Drawing histogram using RDataFrame without loading eveyrthing into RAM

Hi, it seems that ROOT will load all content into memory when drawing using RDataFrame::Histo1D(). And thus not able to handle larger-than-memory datasets.

For example, this will use up all my RAM and cause an OOM. (large.root is ~60GB and I have 32G of RAM)

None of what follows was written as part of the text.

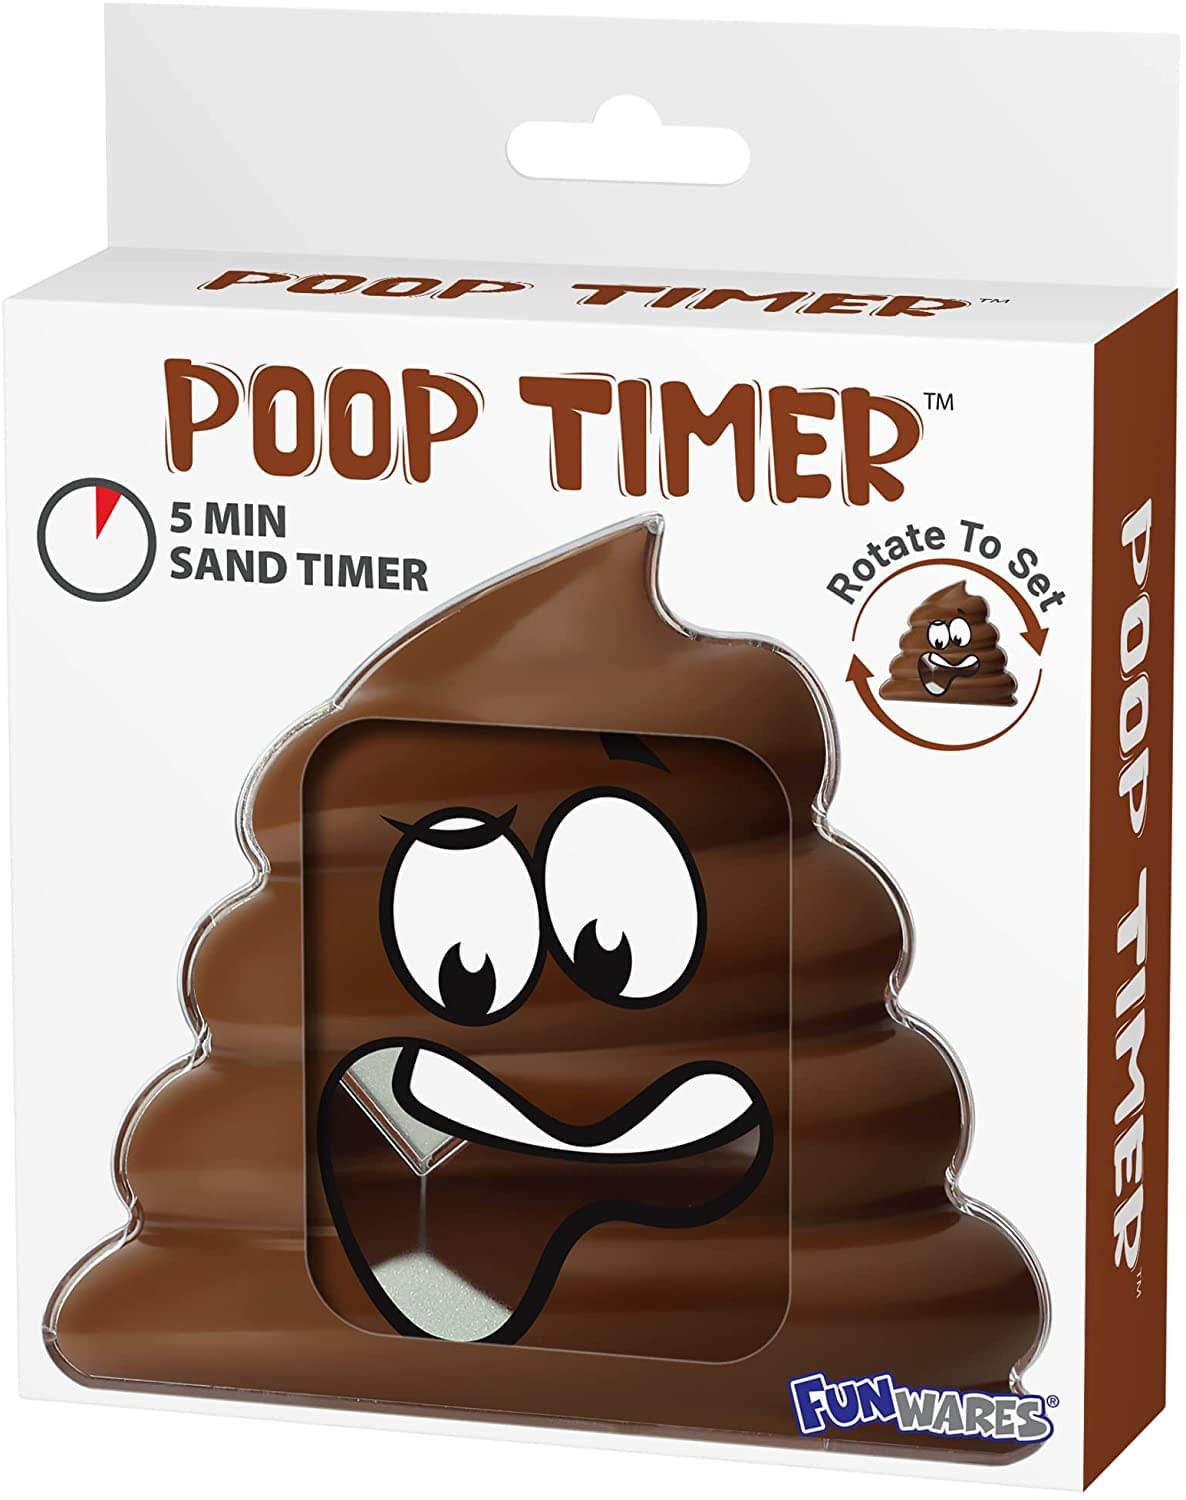 Poop Emoji 5 Minute Sand Timer | Hilarious Gag Gift

rdf = ROOT::RDataFrame("large_tree", "large.root");
h1 = rdf.Histo1D("eV");

But using the TFile/TTree interface won’t.

f = new TFile("large.root");
t = f.Get<TTree>("large_tree");

Is there a way to achieve the performance of the old interface while using RDataFrame?

ROOT Version: 6.18/02
Platform: Linux x64
Compiler: GCC

ROOT does not load all data into memory when using RDataFrame (internally, RDF uses TTreeReader, which is based on TTree, so fundamentally the I/O technology is the same). There must be something else going on here.

Can you share a minimal reproducer?

EDIT: or maybe, especially if your ROOT has debug symbols, you could run your reproducer with valgrind --suppressions=$ROOTSYS/etc/valgrind-root.supp --tool=massif to profile who is allocating so much.


This topic was automatically closed 14 days after the last reply. New replies are no longer allowed.